Aurousal is a relatively new operation.
It started out with a smart-looking standmount speaker called the A1, based on a solitary port-loaded 'full range' Jordan drive unit with a 90mm metal foil diaphragm (that's claimed to flex progressively towards higher frequencies).
As is usually the way with such systems, this crossover-less system had fine coherence, but delivered limited performance as one moved towards the top and bottom extremes of the audio band.
Added sensitivity
The £1,650 per pair VS floorstander is intended to counter both these areas of criticism, while adding some extra sensitivity and loudness capability.
Instead of a single metal-diaphragm driver, it uses two in parallel (effectively rather more than doubling the radiating area) and uses its much larger floorstanding enclosure to load them with a variation on the transmission line theme.
There is also a tweeter, included as a 'variable' option: it only augments (rather than replaces) the main drivers and a little knob tucked next to the input terminal pair allows its output level to be adjusted (upwards from zero) according to personal taste – a neat example of having one's cake, yet also being allowed to eat as much or as little of it as one likes.
Sturdy build
The enclosures (on our samples) came in a particularly handsome real wood veneer.
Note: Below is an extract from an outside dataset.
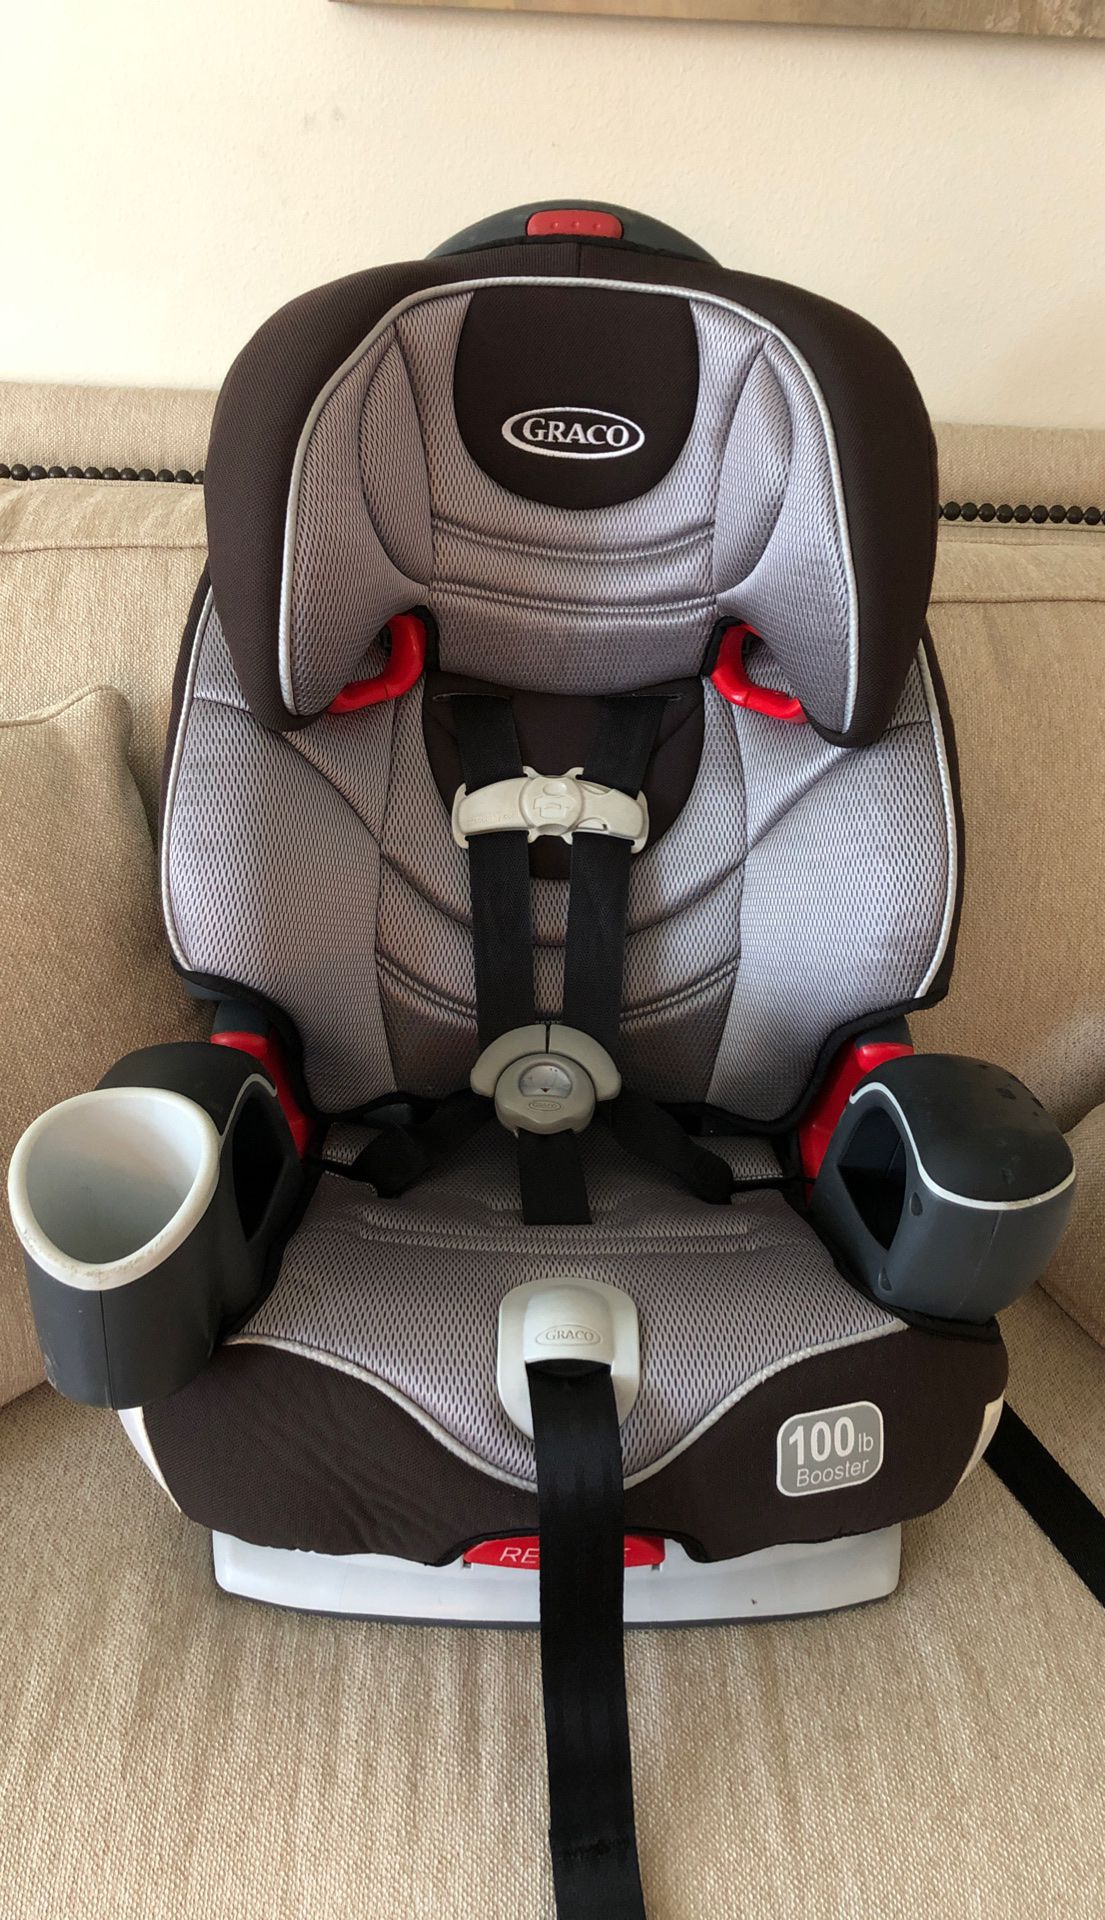 Excellent car seat/ booster chair

The standard choice available here is between light and dark cherry veneers, or piano black lacquer at an additional price premium of £200.
Built from veneered 20mm panels, this substantial enclosure comes fitted with a little black chamfered plinth, which accommodates the well-founded, though rather blunt spikes and just slightly extends the footprint and stability margin.
The enclosure is reinforced by an internal vertical partition and is said to load the main drive units by a variation on a quarter-wave transmission line theme, where the line is terminated by the mass of air in a reflex port.
It's difficult to say exactly how this operates or is implemented, but that's always been true of transmission lines in general, as their impedance traces look just like a much simpler reflex-ported arrangement. The design is apparently based on work by Dr Martin J. King, and further details may be found at www.quarter-wave.com.
Improved imaging
Ted Jordan was one of the earliest pioneers of metal diaphragm drive units and has been refining his designs for more than thirty years to create the controlled flexure that enables practical full-range operation.
Although the cones used here are just 90mm in diameter, the combined area of the pair is rather more than the cone area of a nominal 165mm unit and the effective area of the two drivers is actually rather larger still, because of the way they couple acoustically. At the same time, because the width is just 90mm, good lateral dispersion will be maintained to a reasonably high frequency.
By using a twin driver arrangement, as here, the sound radiation pattern is modified from a point source to something moving towards a line source. Whereas a point source effectively radiates sound in a spherical pattern, the pattern generated by a line source tends towards cylindrical, increasing the 'throw' into the horizontal far field and reducing the relative quantity of sound radiated upwards and downwards, which should improve stereo imaging.
Sound performance
Full-range-driver speakers rarely generate sufficient output towards the top and bottom ends of the audio band, but the VS, with its port tuned to around 33hz, turns out to have more than ample sub-55hz bass output.